Sorry to hear about your inconvenience!

I am running the exact same docker-compose.yml productively with no issues so far. I am using also a Ubuntu OS but it's a virtual machine running on Proxmox VE hypervisor.

Let's compare the environment:

# cat /etc/lsb-release
DISTRIB_ID=Ubuntu
DISTRIB_RELEASE=20.04
DISTRIB_CODENAME=focal
DISTRIB_DESCRIPTION="Ubuntu 20.04.5 LTS"

#docker --version
Docker version 23.0.0, build e92dd87

# iptables --version
iptables v1.8.4 (legacy)

Do you even have a DOCKER-USER chain?

[dacianb]

Wow, did not expect to receive such a quick response :smile: Well i am using the exact same setup (Proxmox VE with a docker VM). To answer your question, yes i can see the DOCKER-USER chain in the docker host VM, but nothing appears there. The only difference i see is that i am using Ubuntu 22.04 LTS and iptables is iptables v1.8.7 (nf_tables)

[l4rm4nd]

I highly assume that it's either your iptables version or the kernel that is not compiled to support string matching.

May read here: https://www.wiztelsys.com/Article_iptables_bob2.html

Since we are using a trick to ban IP addresses, string matching must be supported. The packets always originate from your reverse proxy, so iptables only sees the IP address of your proxy. Banning this IP is nonsense, so we must extract the real visitor's IP address from forwarded HTTP headers like X-Forwarded-For.

The trick is applied for example here.

Let's see an excerpt:

actionban = iptables -I DOCKER-USER -m string --algo bm --string 'X-Forwarded-For: <ip>' -j DROP

So make sure your kernel supports string matching and that your reverse proxy the packets are passing containing the real visitor IP in the X-Forwarded-For header.

An alternative fix would be to use Cloudflare. Then you can rely on action-ban-cloudflare.conf, which is more robust.

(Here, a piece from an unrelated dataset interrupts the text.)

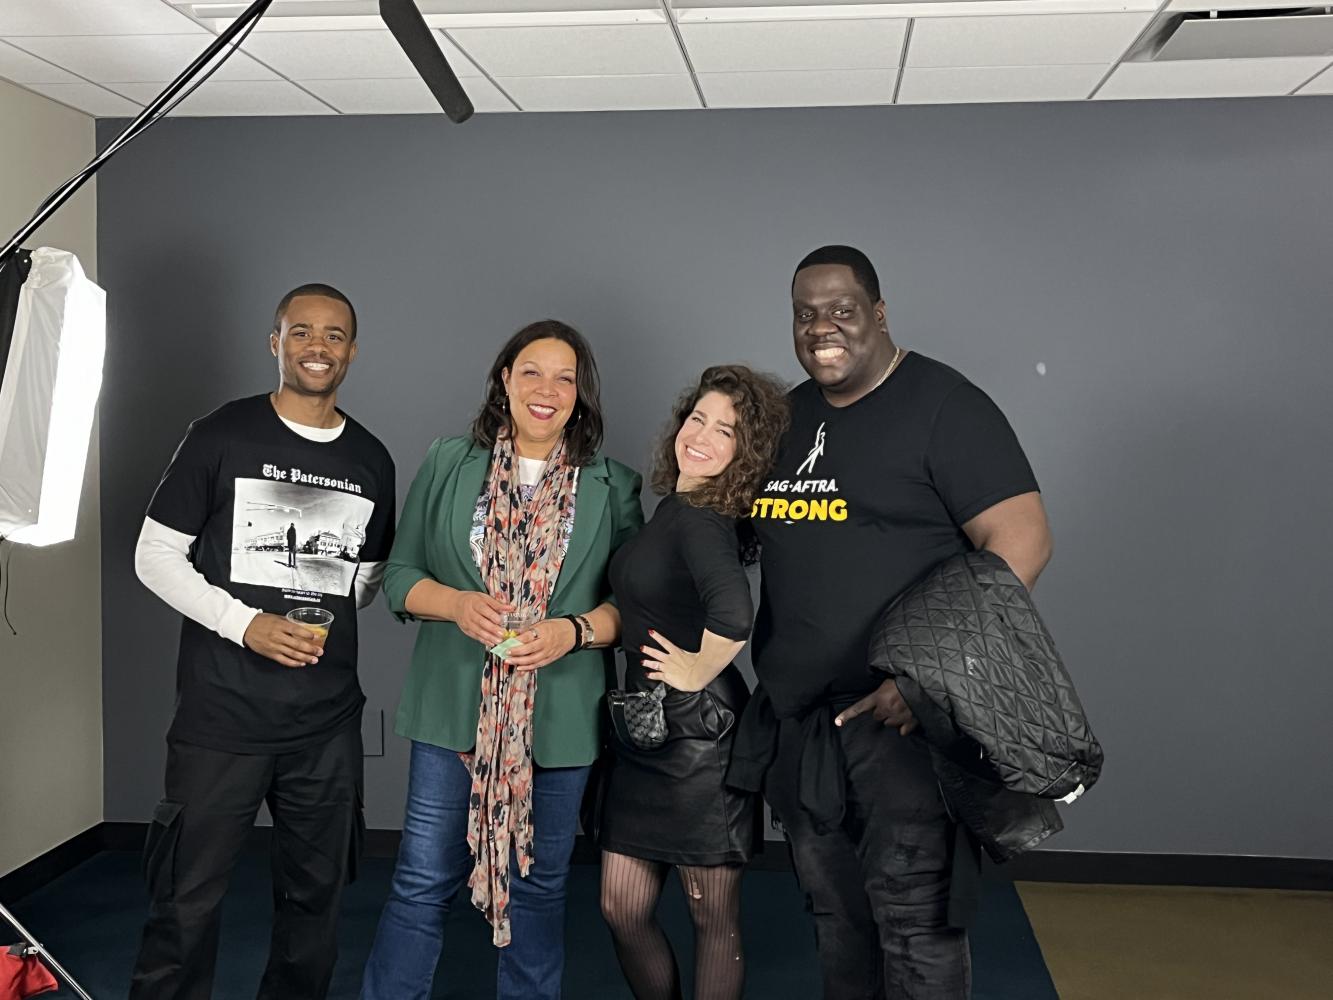 Four individuals, two African American men, Powell (Black) and Seeds stand in a large room. Powell, center left, wears a green top, colorful scarf and jeans; Seeds wears an all-black outfit. Seeds poses with her hand on her hip.

If you go this way, ensure to configure a whitelist either at your reverse proxy or within Proxymox VE itself to only allow HTTP requests originating from Cloudflare's IP addresses listed here.

[dacianb]

Yeah, it seems that the problem is with nftables fw, since it's not 1:1 compatible with iptables. I found this mentioned here: https://unix.stackexchange.com/questions/655688/iptables-string-rules-translation-to-nftables

The fix would be to install legacy iptables or to try and implement the DROP statements with the nftables sintax.

Thanks for the help!

[l4rm4nd]

Also note that the jail.conf ignores IP addresses from private class subnets. So if you are testing a fail2ban ban locally and the logs are filled with private class IPs, there won't be an effective ban.

Consult the fail2ban logs. They will print offending IPs.

[dacianb]

Also note that the jail.conf ignores IP addresses from private class subnets. So if you are testing a fail2ban ban locally and the logs are filled with private class IPs, there won't be an effective ban.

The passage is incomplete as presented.